The article has much to recommend it. In the first part of the piece, Navarro does an effective job of explaining the fundamentally reactionary and stage-managed nature of Spain’s much-praised Transition to Democracy following the death of dictator Francisco Franco in 1975, pointing out, among other things, the considerable amount of state violence that was exercised during the country’s supposedly exemplary transit from dictatorship to real parliamentary rule.
He also does a good job of describing how the country’s new "democratic" electoral system was rigged during the same transitional period to favor both centrist parties and more conservative rural voters, and that this has had a corrosive effect on the quality of democratic representation throughout the state, and from there, the pursuit of social equality.
While perhaps overstating the catalytic nature of the 15-M, 2011 movement of the indignados, he is essentially correct in presenting it as a an angry and much-merited response to the "democratic deficit" described above.

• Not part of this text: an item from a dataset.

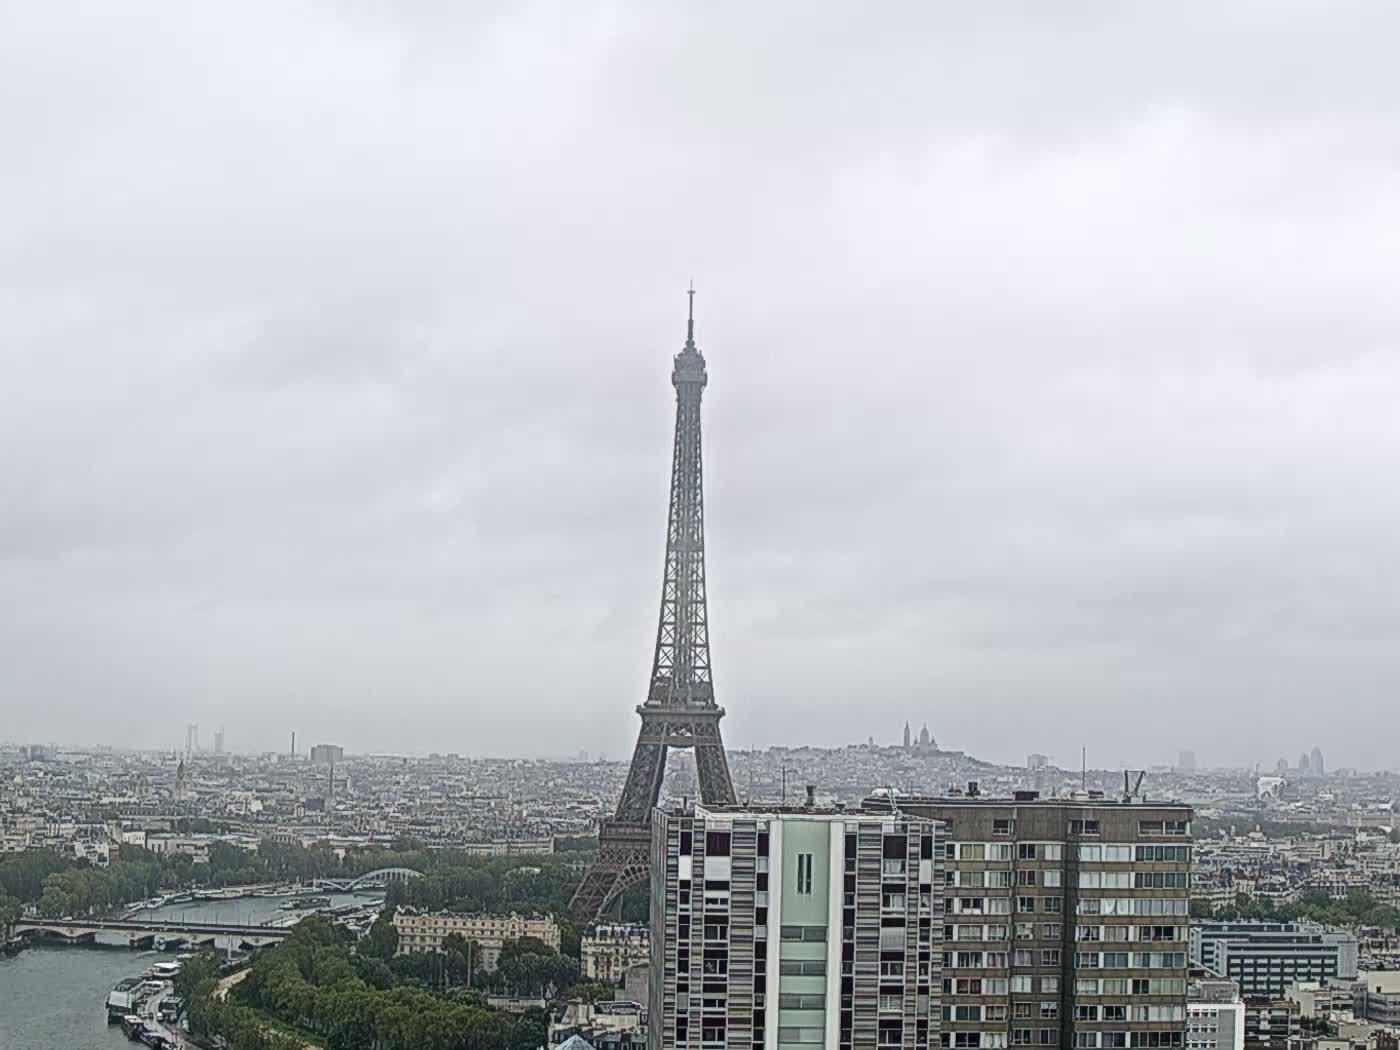 Paris Thu. 09:22

Also generally accurate is his summary of the rise of the current drive for Catalan independence and its relationship to the deeply conservative judiciary’s heavy-handed abrogation of key elements of a 2006 update of that region’s Statute of Autonomy, a law that had been duly approved by the Catalan Parliament, the Spanish Parliament, and a referendum of the Catalan people.
Things begin to go off the rails, however, when Navarro turns to the internal dynamics of Catalan conflict and blithely declares – in a way that is, unfortunately all too common among "left" unionists in both Spain and Catalonia – that the pro-independence forces "unilaterally declared Catalonian independence in parliament, without having the support and approval of the majority of the Catalan population".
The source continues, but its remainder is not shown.